- _PROMPT_
Starting at the line that contains "Chris Rock calls", transcribe each line through the end of the material below, exactly and nothing else, leaving out the pictures.

- _INPUT DATA_
────────────────────

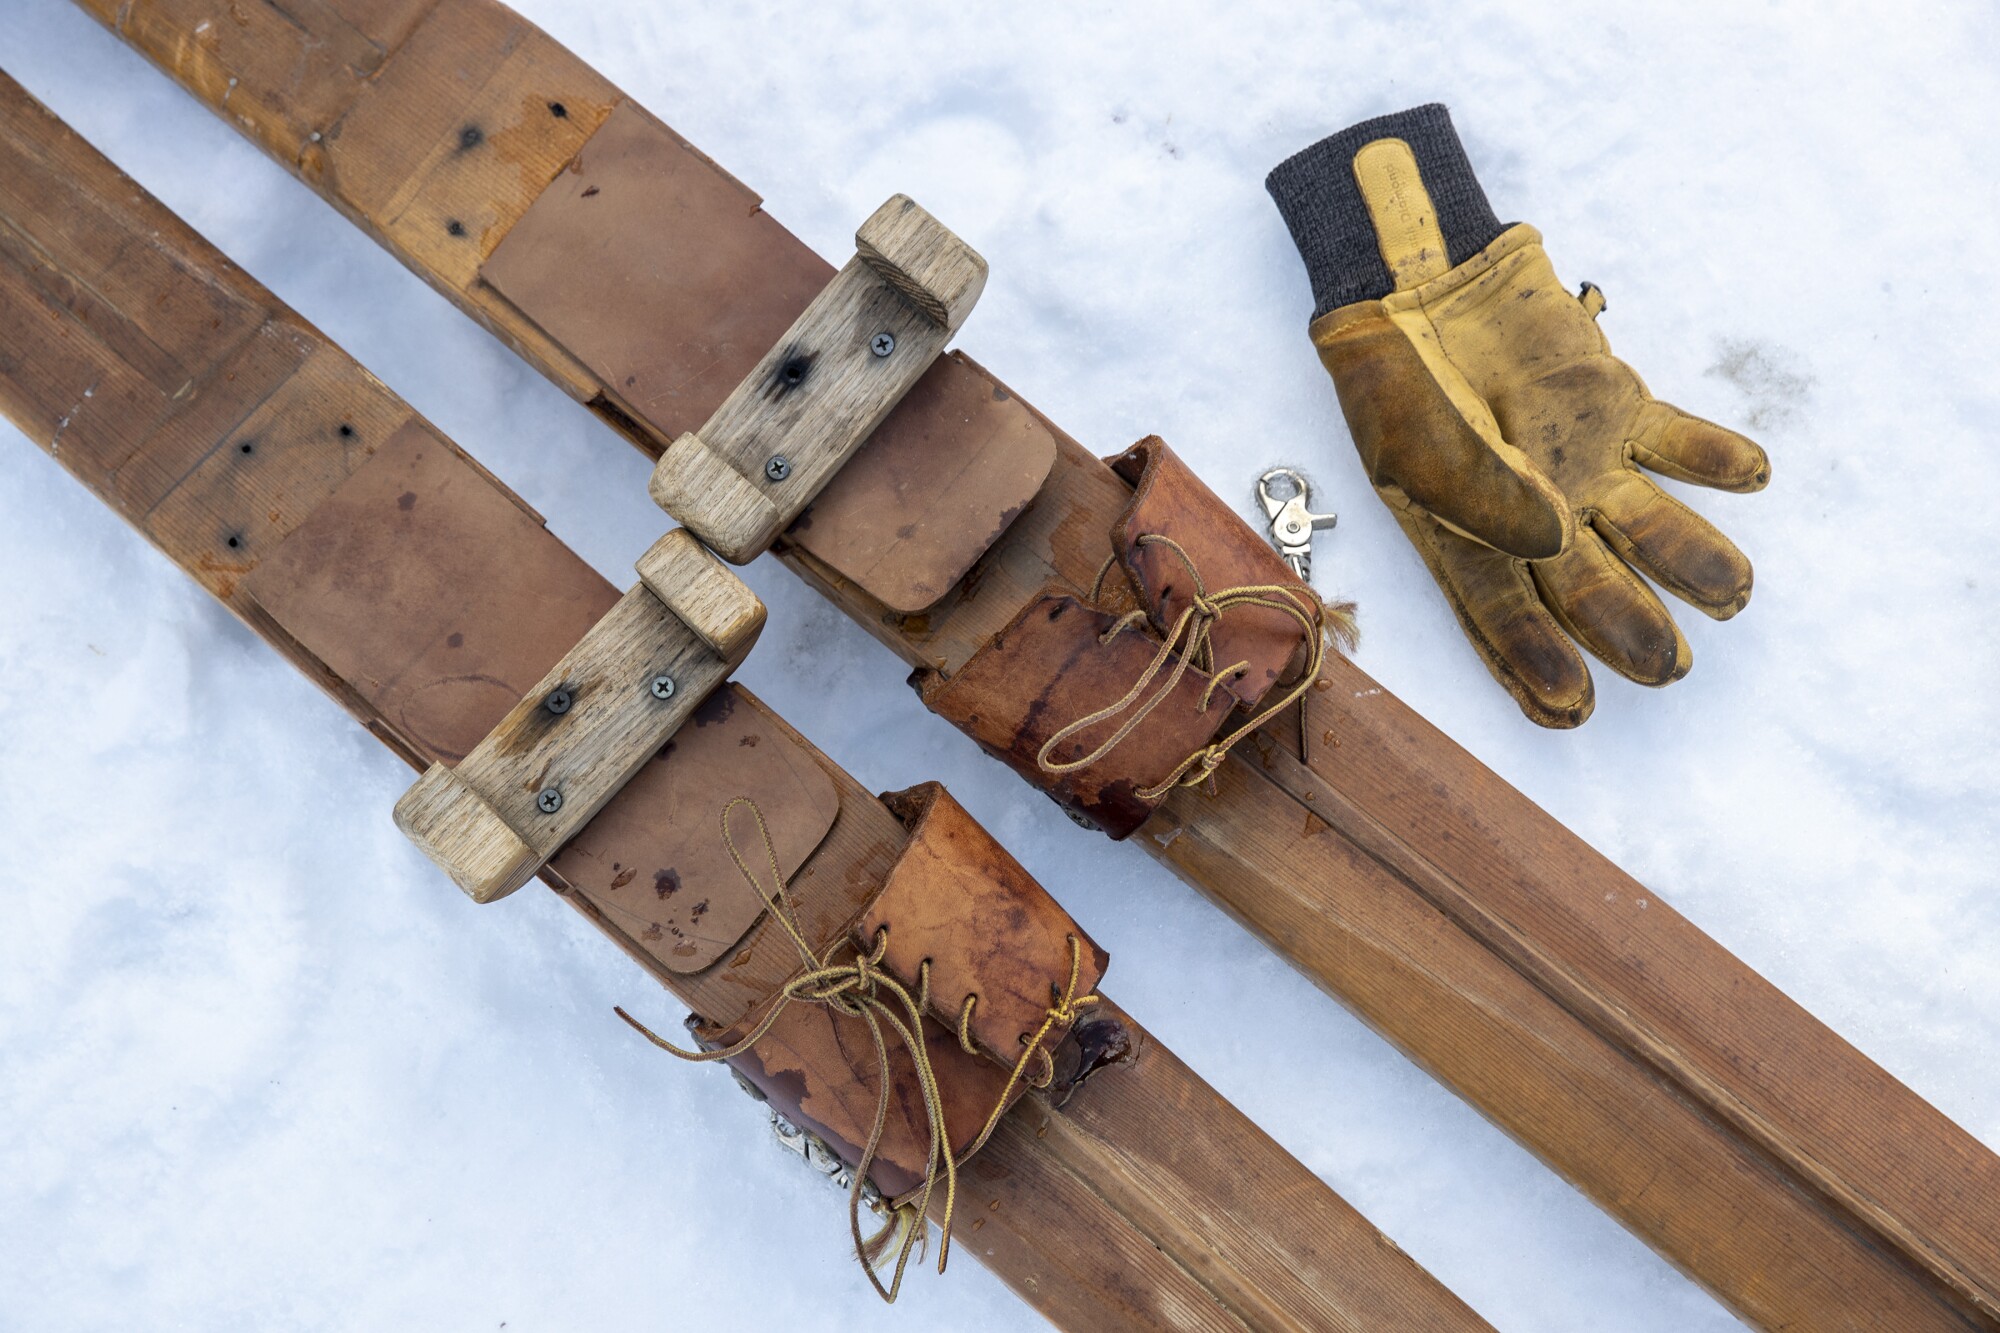 Wooden skis made from pine boards, with leather bindings
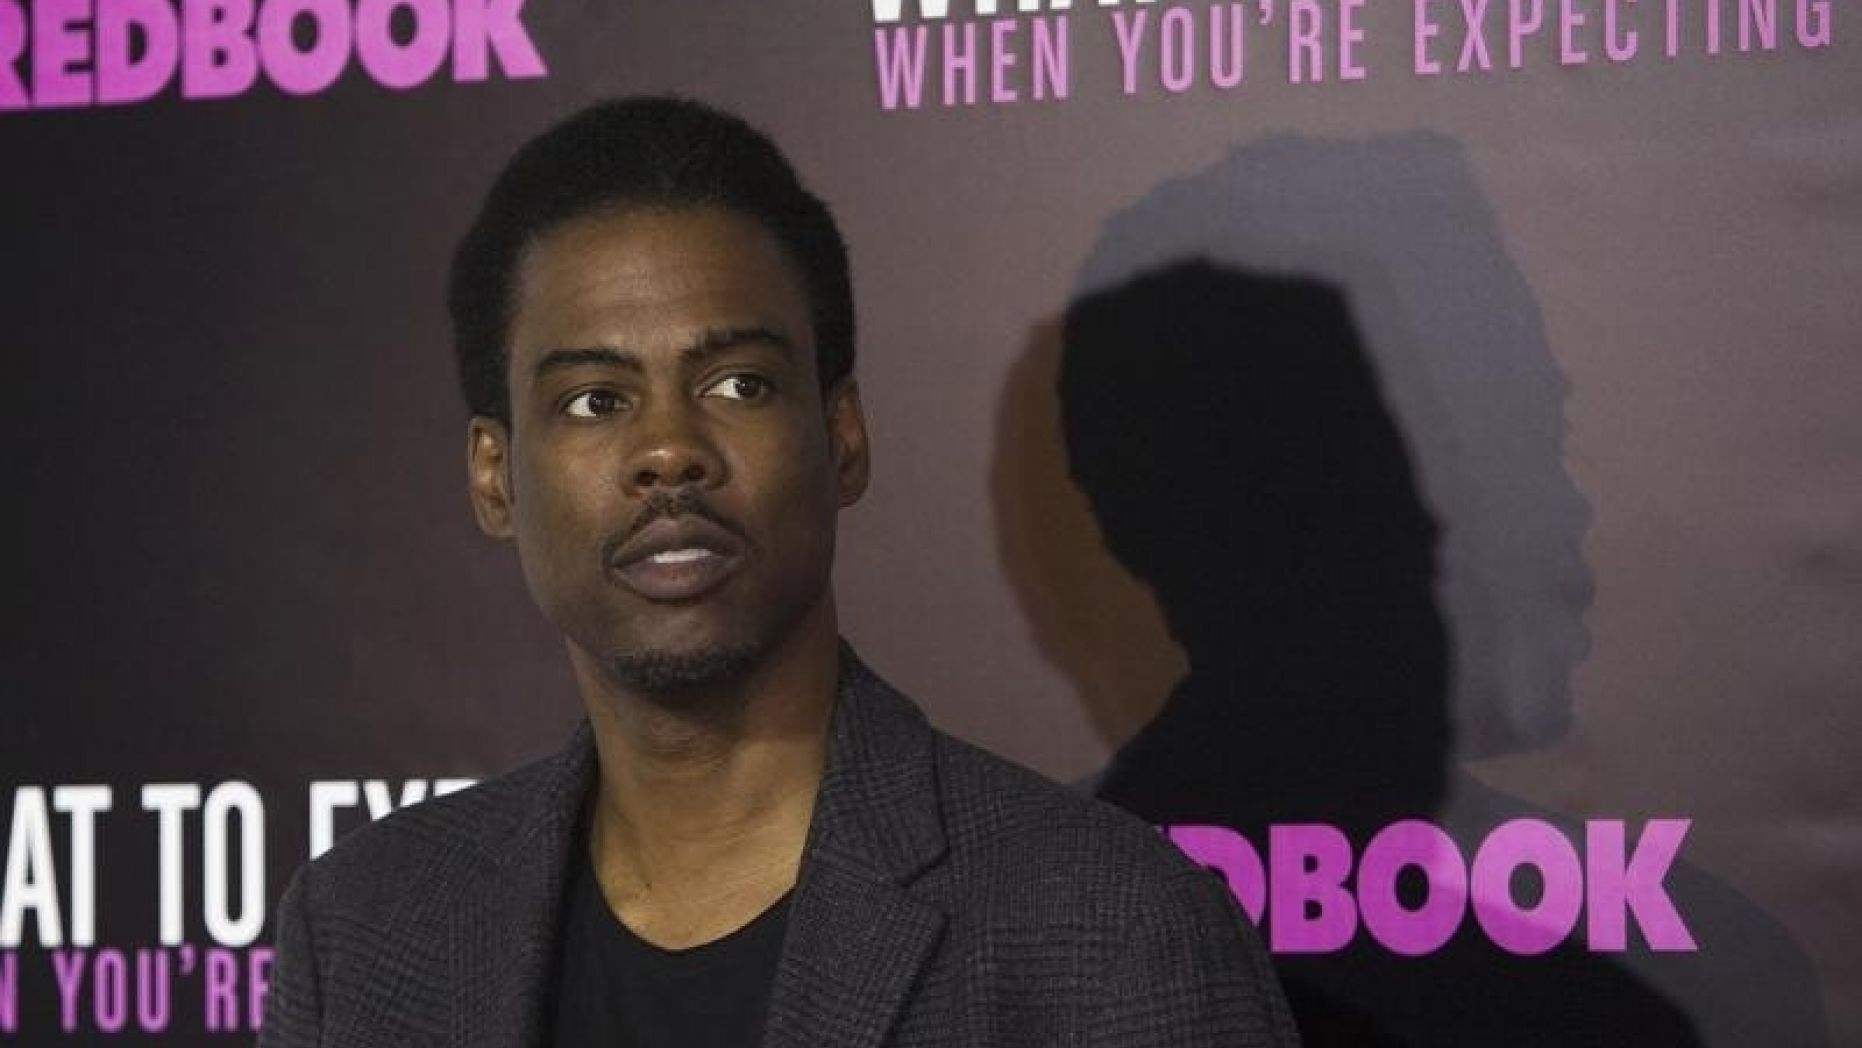 Chris Rock calls Trump a bully, jokes about police brutality in new Netflix special
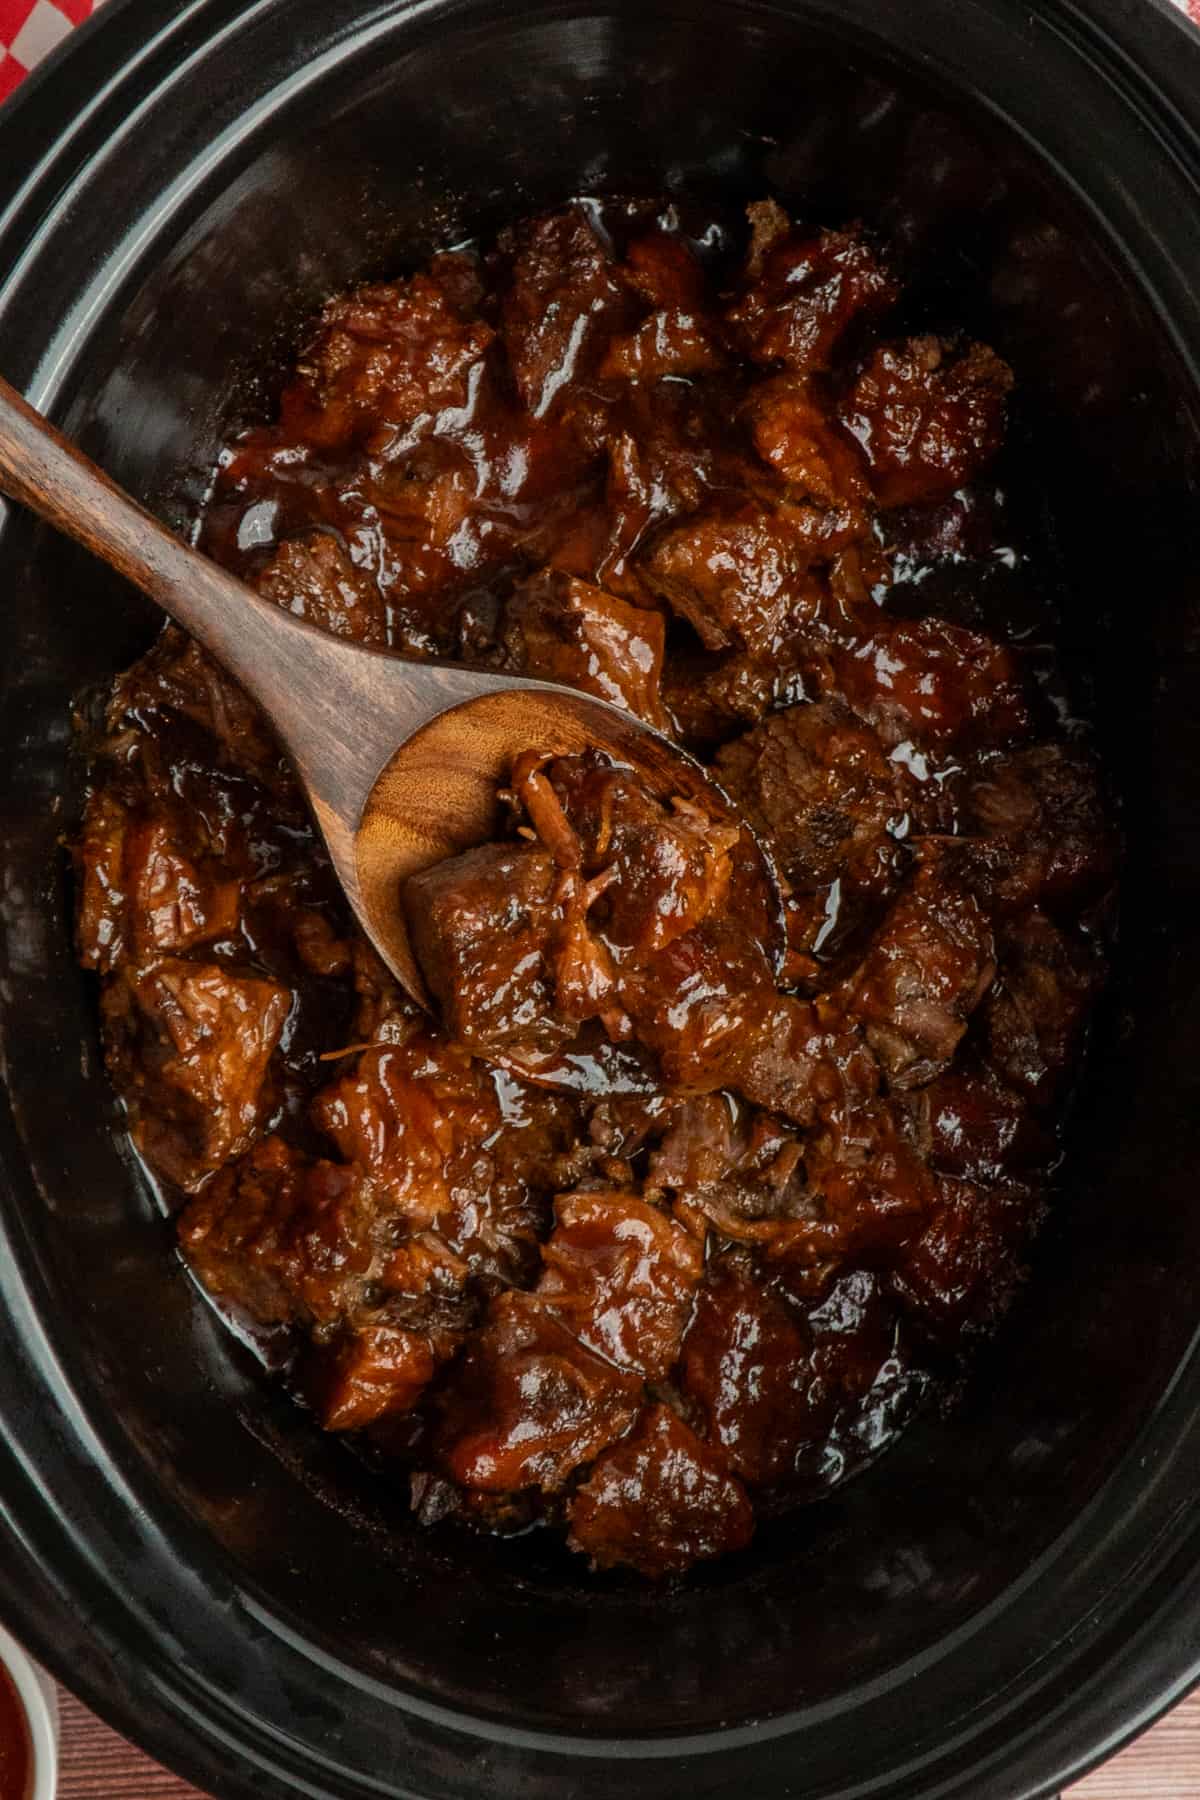 A wooden spoon holding burnt ends over a slow cooker.

────────────────────

- _ANSWER TO THIS EXERCISE_
 Chris Rock calls Trump a bully, jokes about police brutality in new Netflix special
 A wooden spoon holding burnt ends over a slow cooker.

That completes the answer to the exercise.